More Excerpts from
Powerplay
“There is just one other aspect of the healing process I learned, and that’s the importance of faith. There were so many times when I wanted to give in, when I wanted to walk away and give up the fight. Even worse, there were those awful moments when I doubted myself. In those moments, I thought I had lost everything that mattered most to me – my home, my work and my faith. A person doesn’t have to be religious to know hat it mean’s to lose one’s faith. And yet, without it, without some kind of support, it’s hard to go on. And many people don’t. I know. I have read their letters.
But I did manage to go on , and in retrospect I see why.
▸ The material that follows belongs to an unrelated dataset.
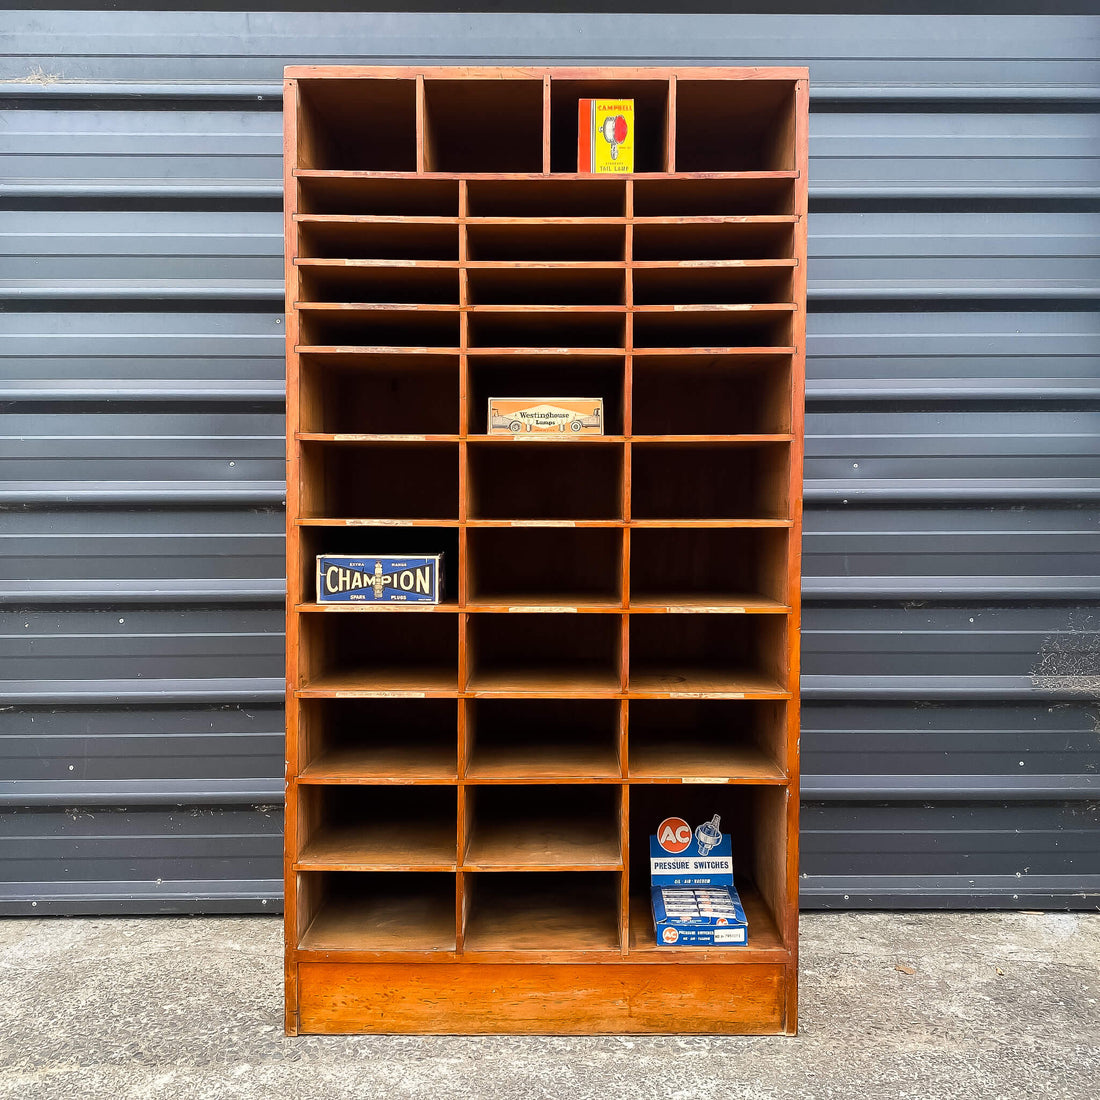 Industrial Pigeon Hole Cabinet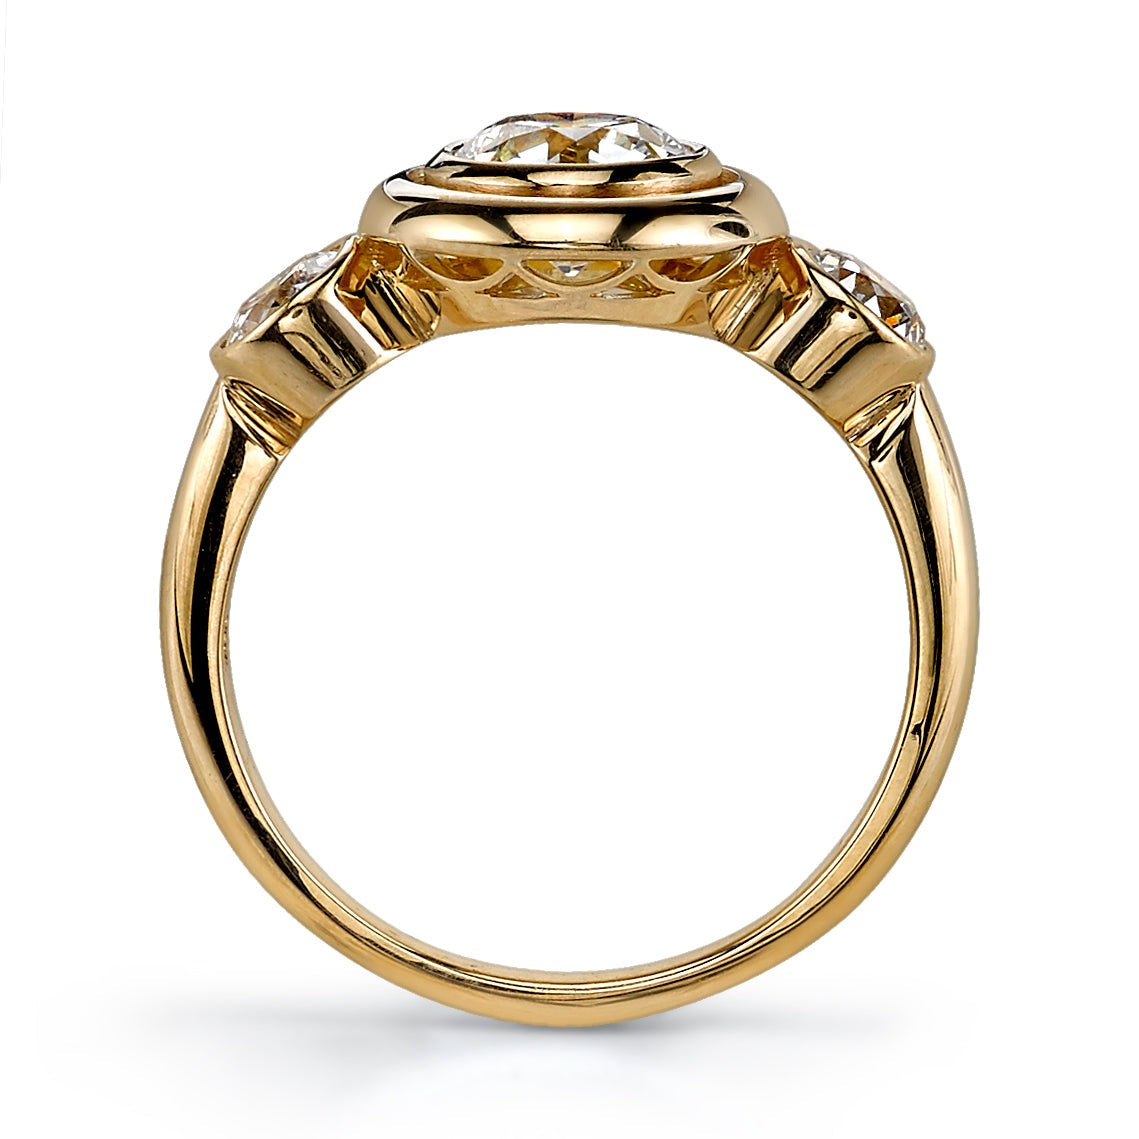 SINGLE STONE WAVERLY RING featuring 0.92ct J/VS1 EGL certified old European cut diamond with 0.50ctw old European cut accent diamonds set in a handcrafted 18K yellow gold mounting.

I went on because it was suggested to me that some good might come of all this. That when I was through with it, there might be something in the experience that I could salvage. That’s important, whether one hears it in a church or a psychiatrist’s office. You learn not the regret the past but to make something of it. You learn not to deny the pain but to grow from it. In that sense, telling my story was the core of my recovery. I looked at what happened to me, and then shared it with someone else. In the end, that’s how I have graduated from this experience. This book is my graduation from everything that happened to me at Bendix.”
“The emphasis for us has been more on people. For men, the emphasis has been more on careers. I’m quite content being a nurturer and believing in so many of those human values commonly attributed to women. But applied in the corporate world, these same values can work against us— unless we are careful. And I wasn’t careful enough.”